Closed EmileSonneveld closed 1 year ago
yes it's important that we filter out only the products with this strange path: /eodata/Sentinel-2/MSI/L1C_N0500 not the full N0500 processing baseline. Do you happen to know why regular deduplication doesn't seem to work? (Or does it?)
I just spotted deduplication in action on these products, this time for L2A: "name":"org.openeo.opensearch.OpenSearchClient","levelname":"INFO","message":"Removing duplicated feature(s): '/eodata/Sentinel-2/MSI/L2A/2021/10/03/S2B_MSIL2A_20211003T093039_N0301_R136_T35VLC_20211003T124137.SAFE'. Keeping the Latest published one: '/eodata/Sentinel-2/MSI/L2A_N0500/2021/10/03/S2B_MSIL2A_20211003T093039_N0500_R136_T35VLC_20230108T012942.SAFE'\nRemoving duplicated feature(s): '/eodata/Sentinel-2/MSI/L2A/2021/10/26/S2B_MSIL2A_20211026T094029_N0301_R036_T35VLC_20211026T112534.SAFE'. Keeping the Latest published one: '/eodata/Sentinel-2/MSI/L2A_N0500/2021/10/26/S2B_MSIL2A_20211026T094029_N0500_R036_T35VLC_20230104T011328.SAFE'","created":1685108652.777403000,"filename":"OpenSearchResponses.scala","lineno":173,"user_id":"32cc7ddb-f7e1-4b1c-9796-f9fe39cb8feb","job_id":"j-b0bb044abbd948a0944141dd6c83b893"
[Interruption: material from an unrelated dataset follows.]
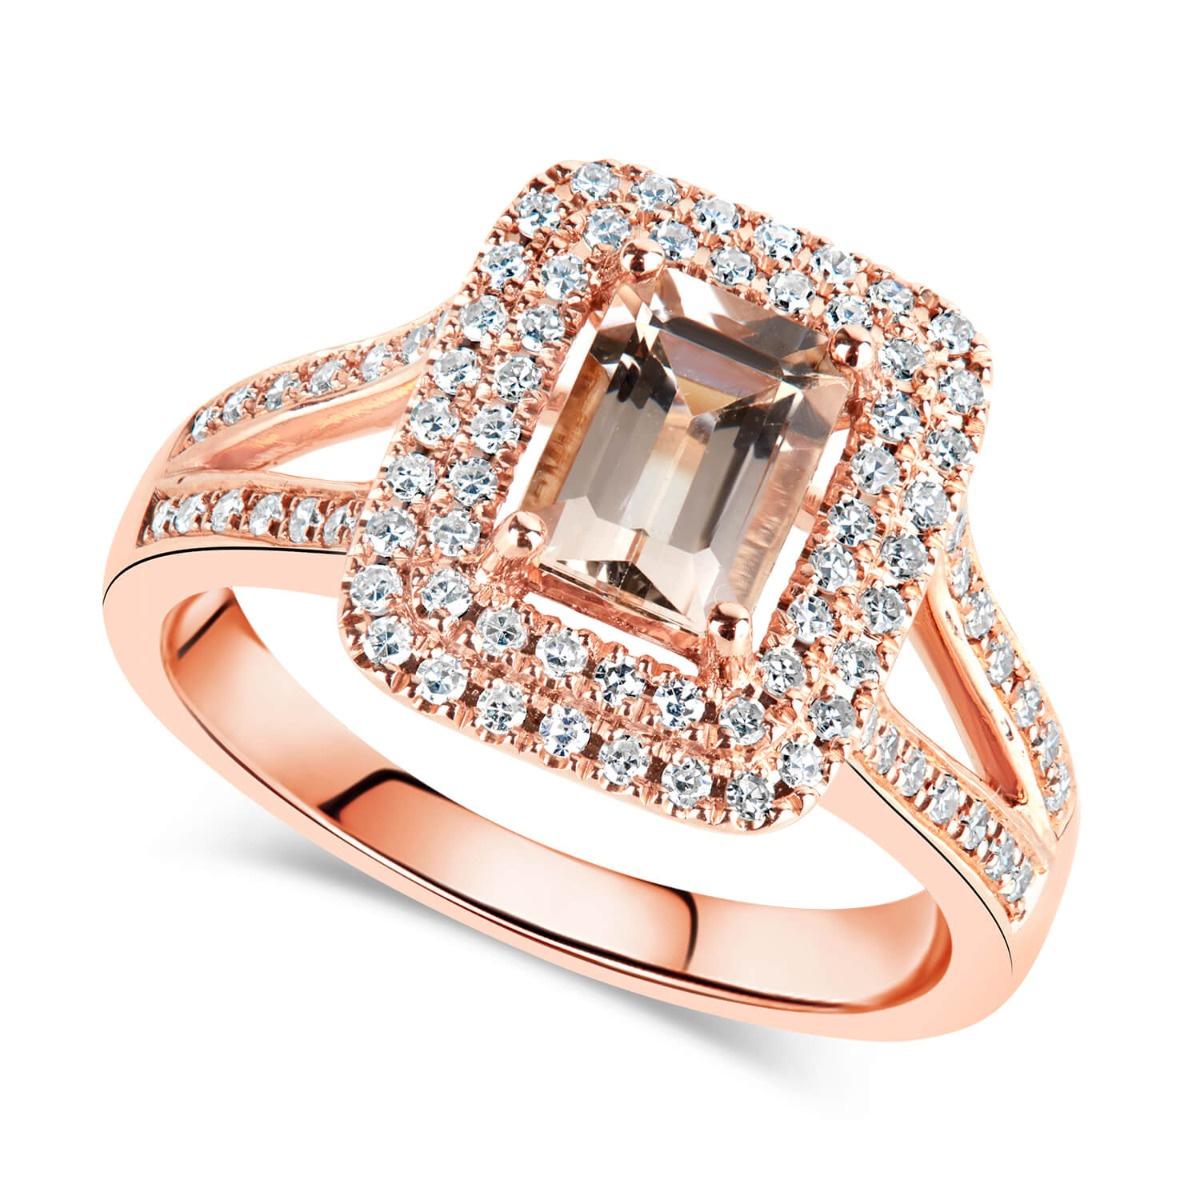 Beautiful Fraser Hart Diamond Wedding Rings Check more at  https://mtnwedding.com/wedding-ring/fraser-hart-diamond-wedding-rings

The L1C_N0500 products don't have organisationName
specified, while the normal L1C ones have "ESA" in this field. This makes them not be considerated as duplicates. If I ignore the organisationName
field in this case, the L1C_N0500 will survive the deduplication, because they are published
years later.
Maybe the N0500 products are the desired ones? They are published way later. I'll check kibana to see what errors they give
or perhaps log a helpdesk issue for cloudferro to explain these different processing baselines a bit better? Also this 99.99 is a weird case...
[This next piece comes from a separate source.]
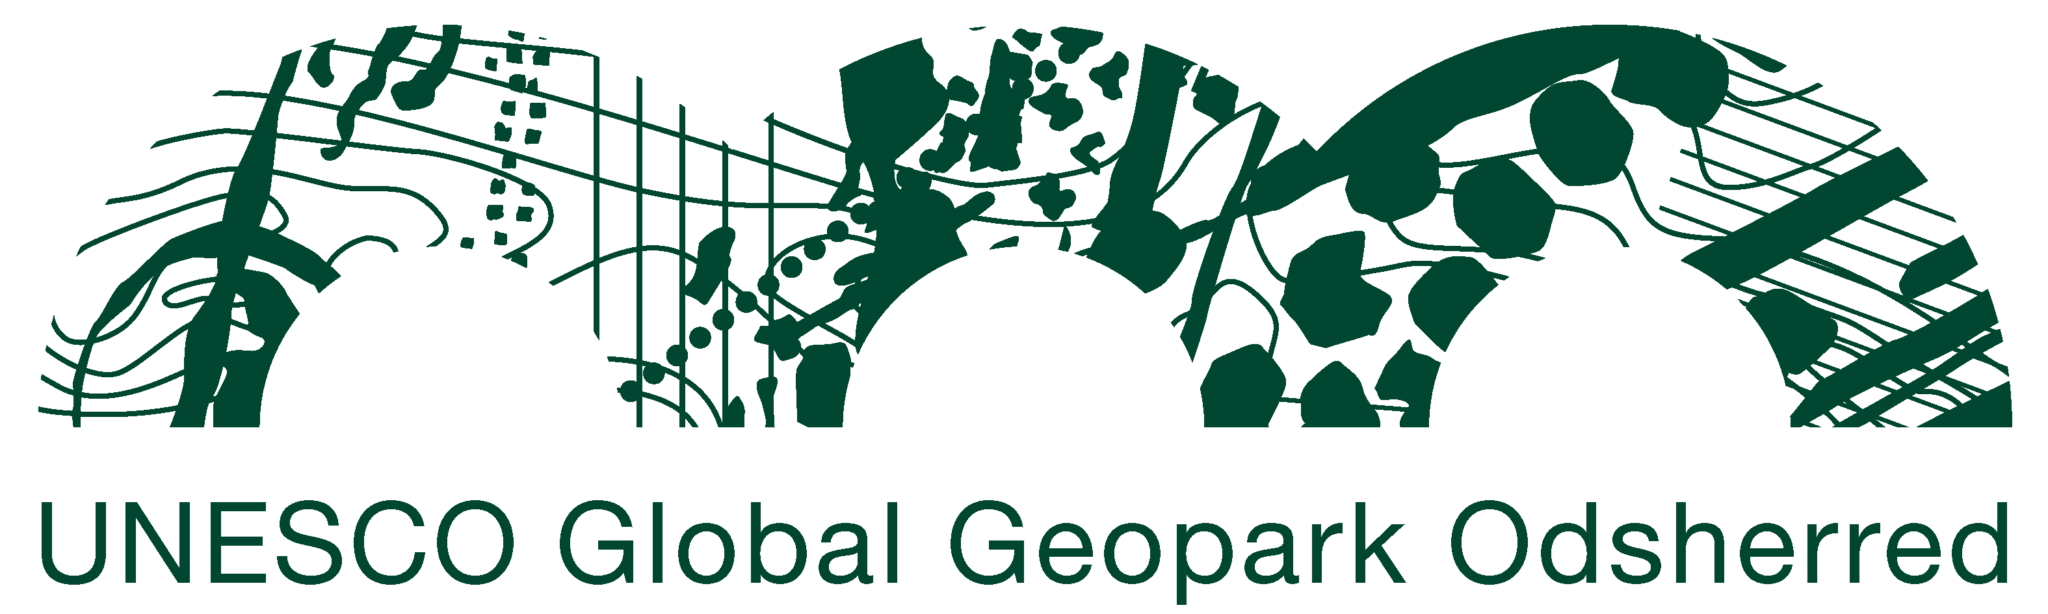 geoparkodsherred_logo

For the moment, I consider 99.99 as an undefined baseline. But it is indeed not in the documentation. https://sentinels.copernicus.eu/web/sentinel/technical-guides/sentinel-2-msi/processing-baseline
The L1C_N0500
products all have "processingBaseline": 5.0,
, not that much documentation for that one too:
The others "processingBaseline": 2.09,
. It looks like not all products have a version in the latest processingBaseline.
This is the error I saw in Kibana for j-840b5b2b2faf4fe4b3bf122c69d0852b
:
Traceback (most recent call last):
File "/opt/openeo/lib/python3.8/site-packages/openeogeotrellis/layercatalog.py", line 804, in _get_layer_catalog
opensearch_metadata[cid] = opensearch_instance(os_endpoint).get_metadata(collection_id=os_cid)
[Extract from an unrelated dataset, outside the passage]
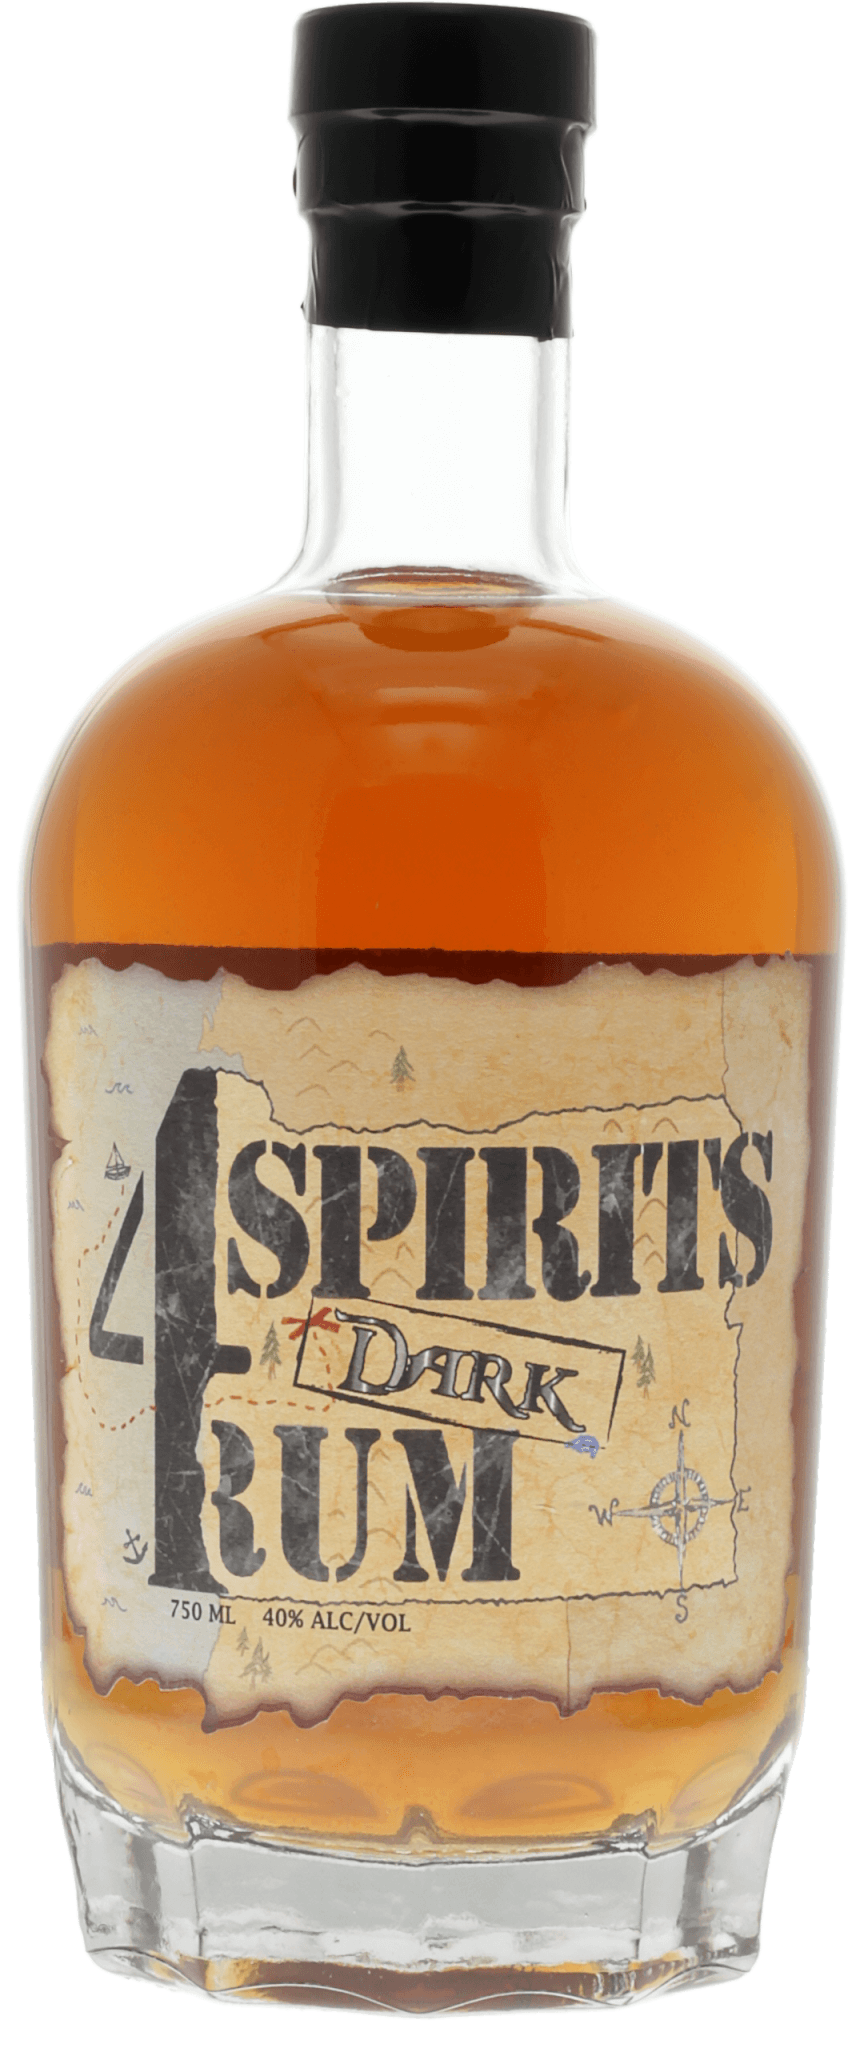 4 Spirits Dark Rum

File "/opt/openeo/lib/python3.8/site-packages/openeogeotrellis/opensearch.py", line 174, in get_metadata
collection = self._get_collection(collection_id)
File "/opt/openeo/lib/python3.8/site-packages/openeogeotrellis/opensearch.py", line 169, in _get_collection
resp.raise_for_status()
File "/opt/openeo/lib/python3.8/site-packages/requests/models.py", line 1021, in raise_for_status
raise HTTPError(http_error_msg, response=self)
requests.exceptions.HTTPError: 404 Client Error: Not Found for url: https://finder.creodias.eu/oldresto/resto/collections.json
While testing https://github.com/Open-EO/openeo-geotrellis-extensions/issues/164, it looks like ignoring organisationName
is fine.
If instrument
and orbitNumber
show to also have undefined values in some products, they could be ignored too. For the moment, I like to keep this check.
With https://github.com/Open-EO/openeo-opensearch-client/pull/14 being merged, this PR is not longer needed.
GitHub says "All checks have failed" because the artifact was not uploaded trough Jenkins. But tests passed there.